++++ Records to use

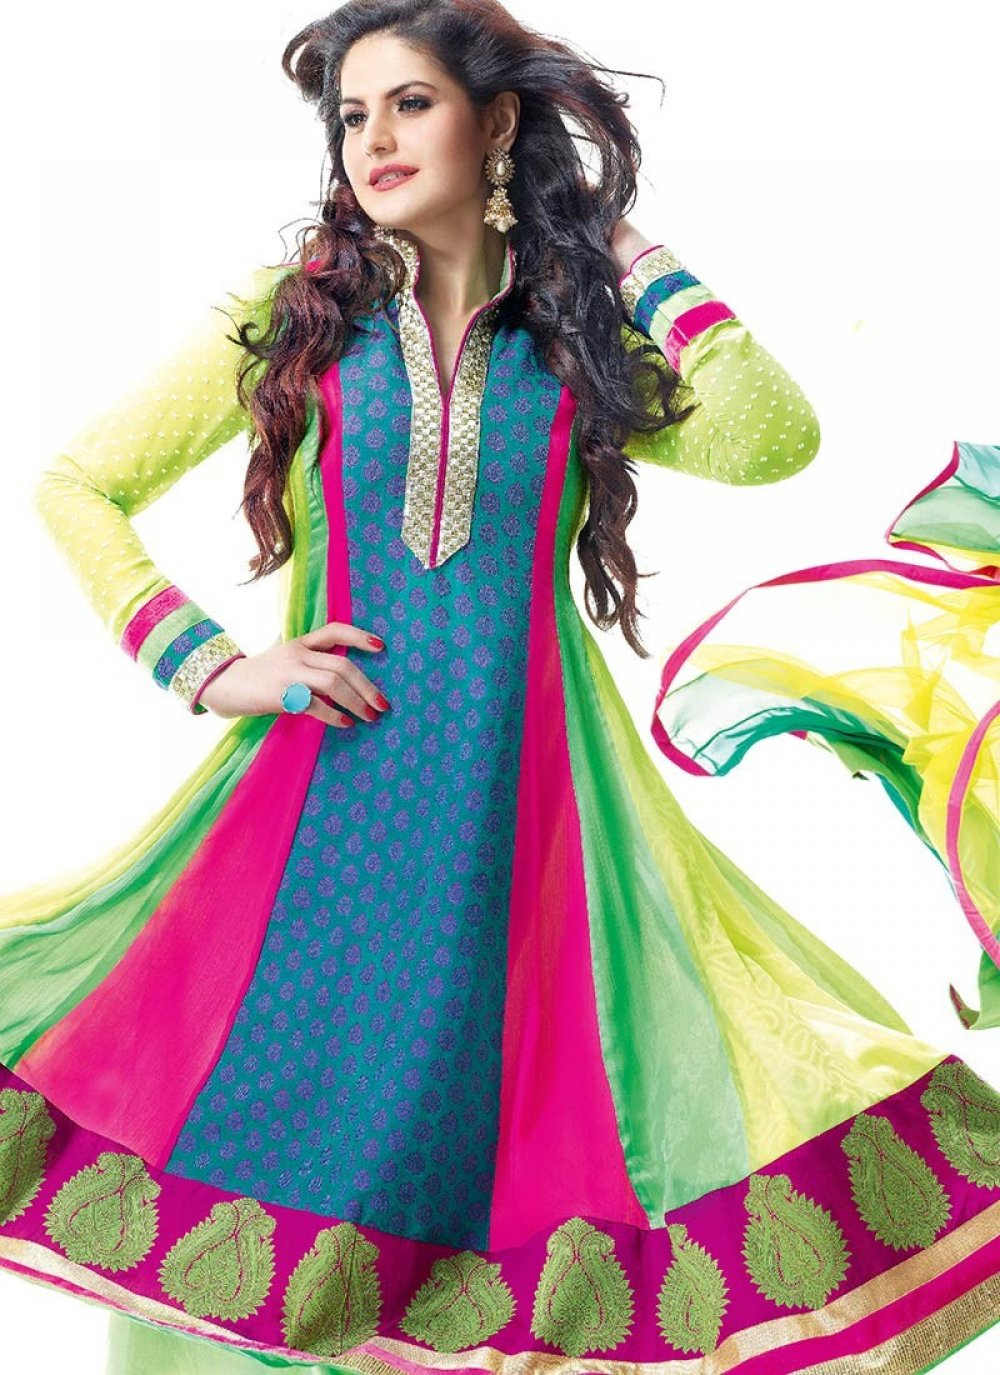 Multicolored Chiffon Salwar Kameez
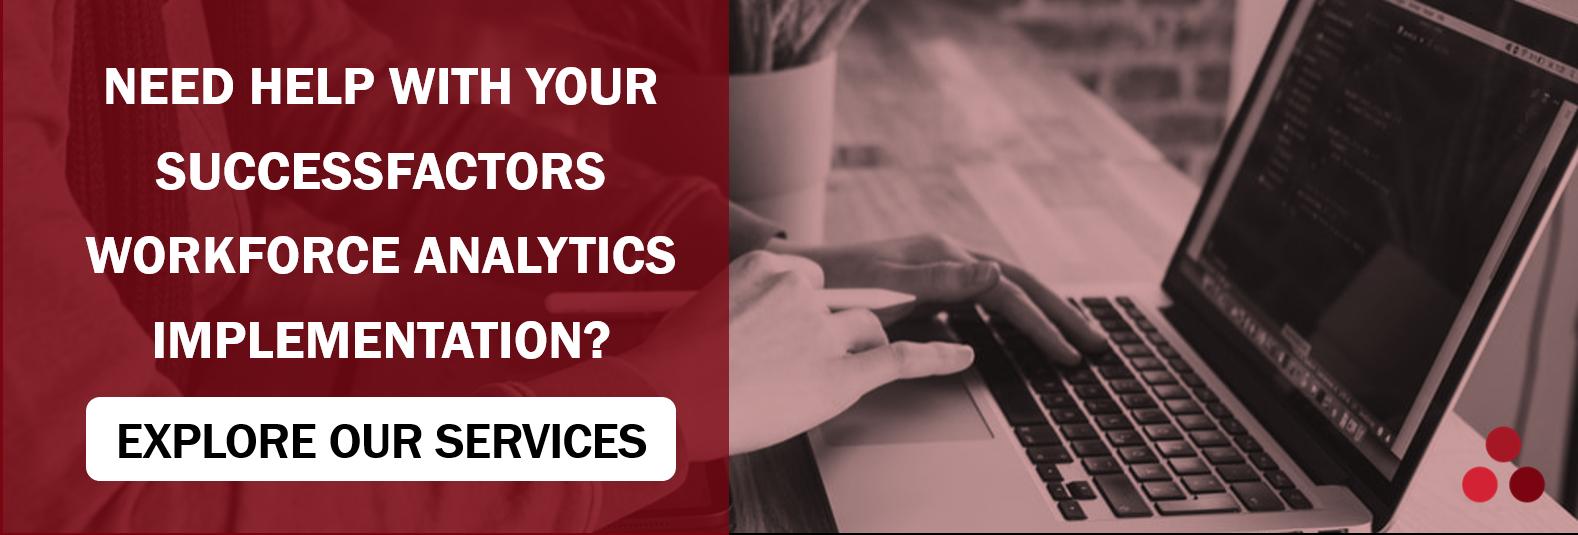 Need help with your SuccessFactors Workforce Analytics Implementation
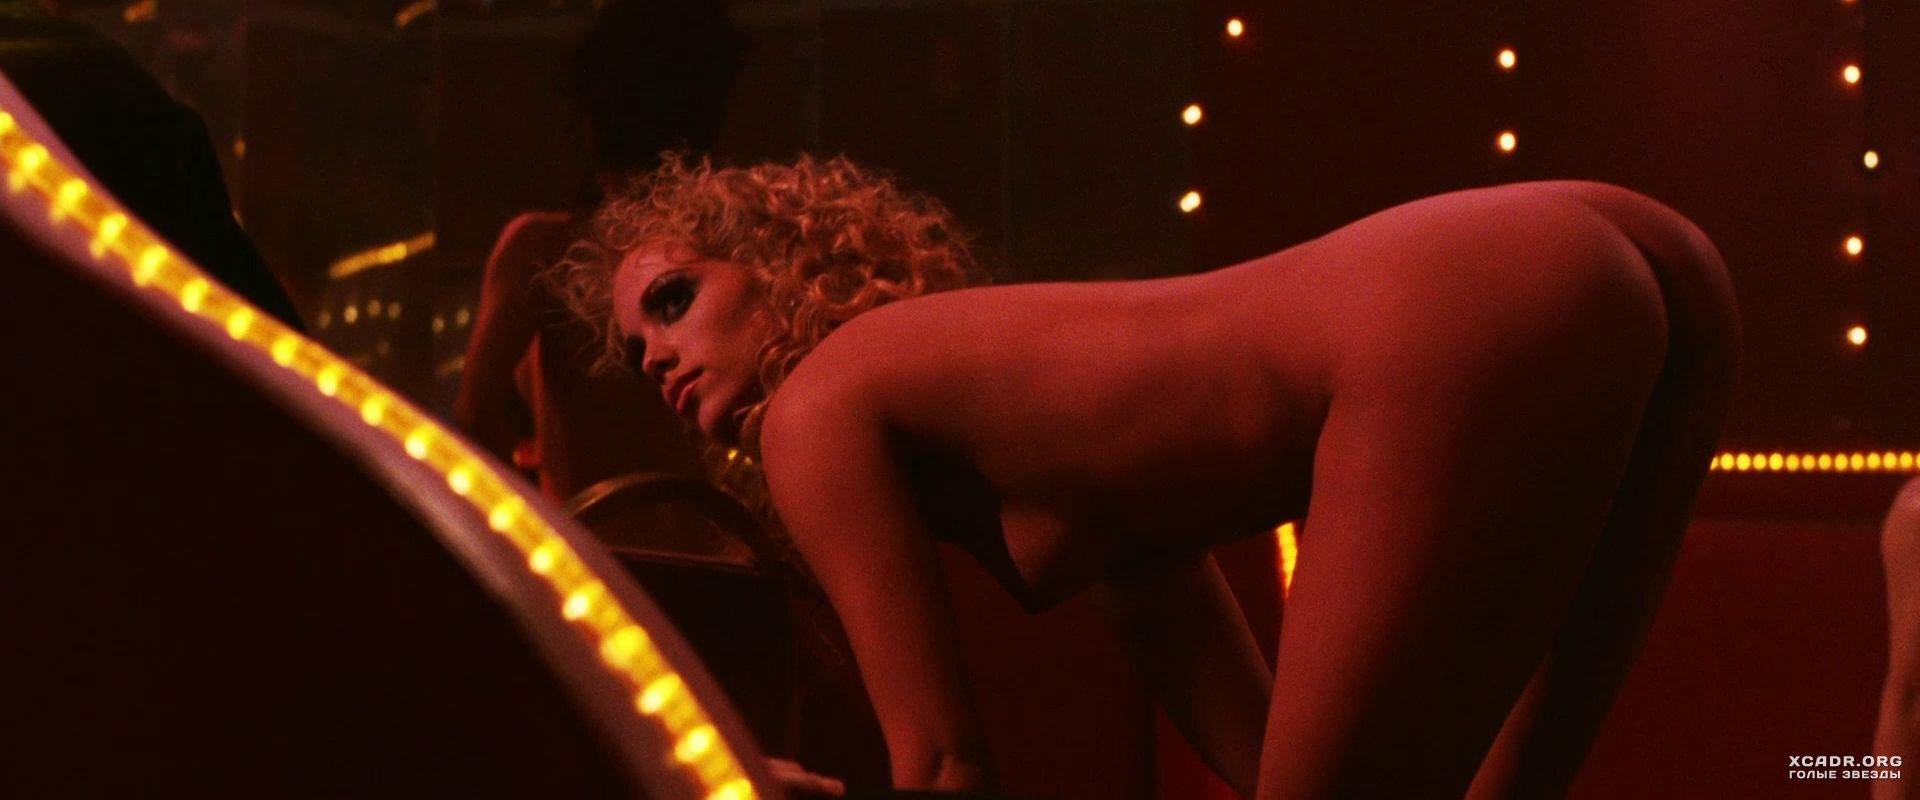 eroticheskiy-film-shou-gerlz
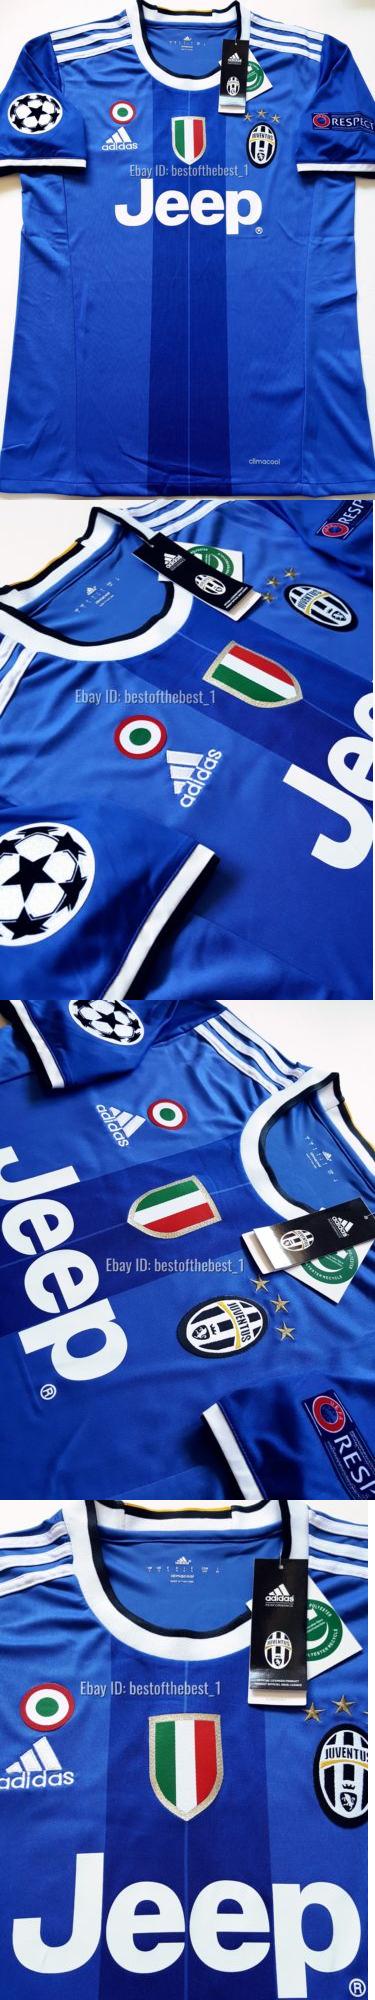 ... NWT Soccer-International Clubs 2887 2016 2017 Juventus Champions League  Paulo Dybala Away Jersey Blue . e686cf924
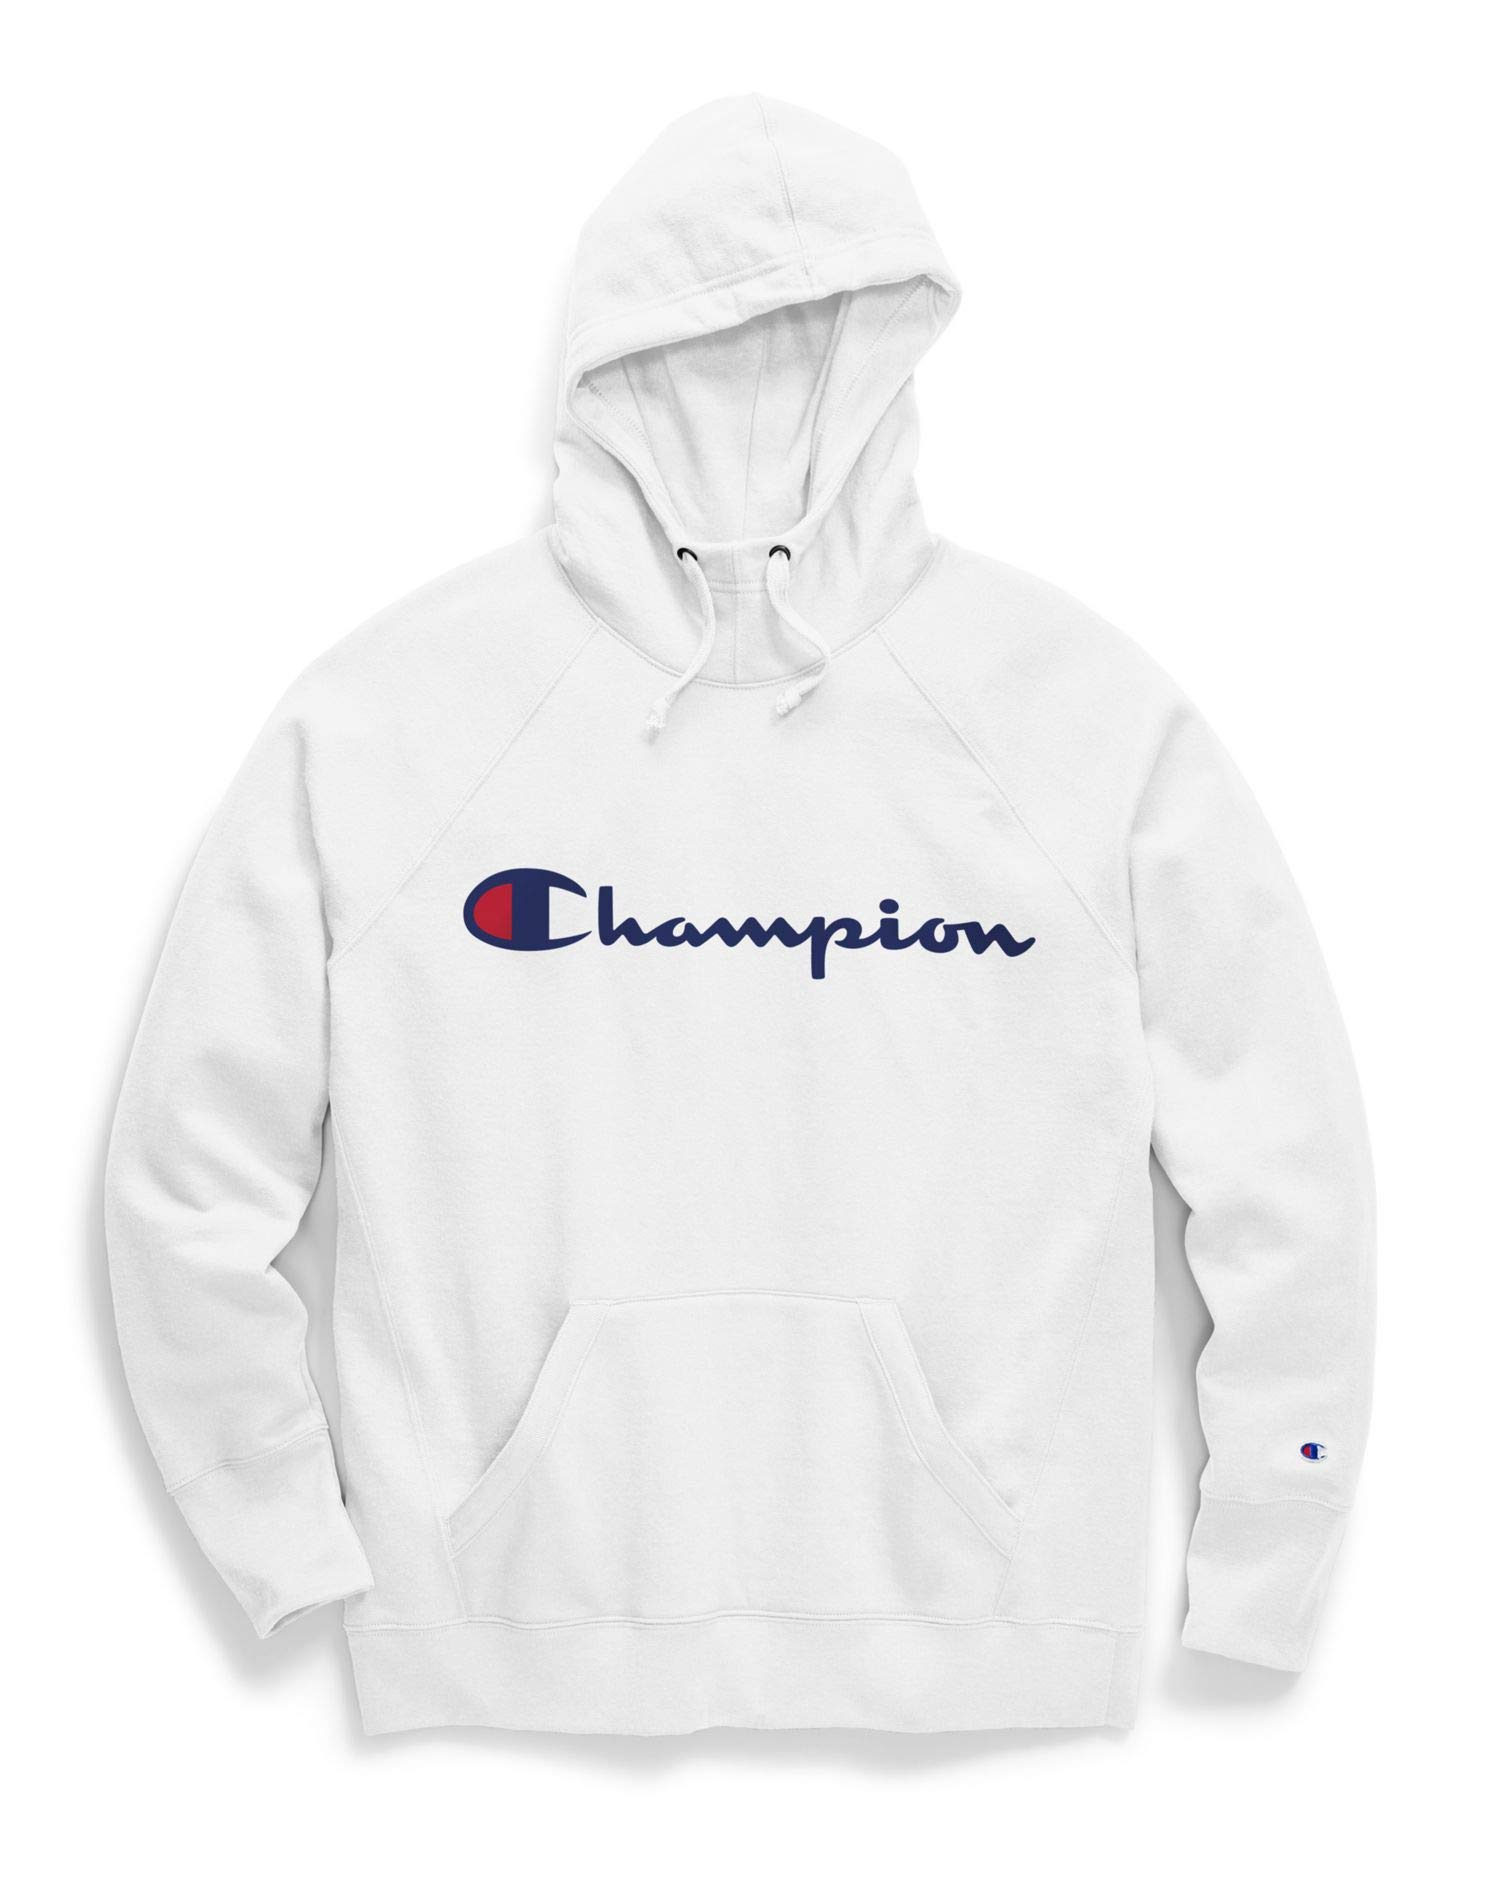 Champion Women's Powerblend Hoodie, White w/Graphic, Medium by Champion
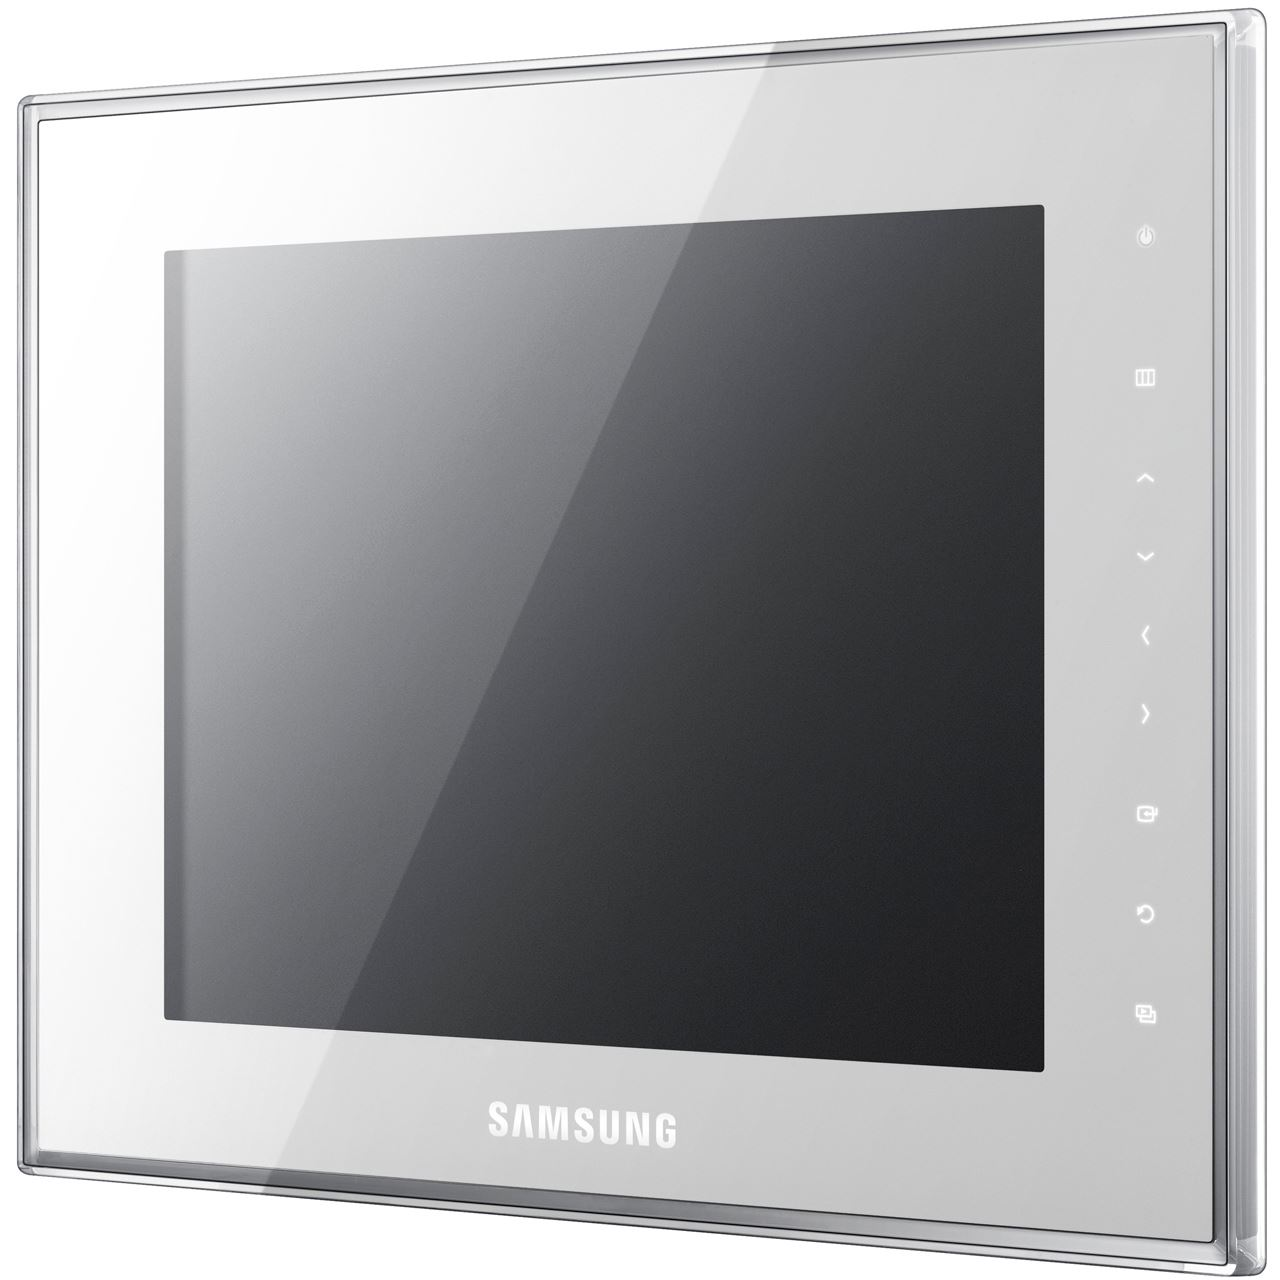 8 0 20 32cm samsung digitaler fotorahmen spf 800w 800x600 1024mb wei. Black Bedroom Furniture Sets. Home Design Ideas

++++++++

§ Work instructions
Copy exactly, and copy nothing else: the lines from the one containing "Blue . e686cf924" through the end of the data, both ends included, with pictures left out.

§ Exercise output
 ... NWT Soccer-International Clubs 2887 2016 2017 Juventus Champions League  Paulo Dybala Away Jersey Blue . e686cf924
 Champion Women's Powerblend Hoodie, White w/Graphic, Medium by Champion
 8 0 20 32cm samsung digitaler fotorahmen spf 800w 800x600 1024mb wei. Black Bedroom Furniture Sets. Home Design Ideas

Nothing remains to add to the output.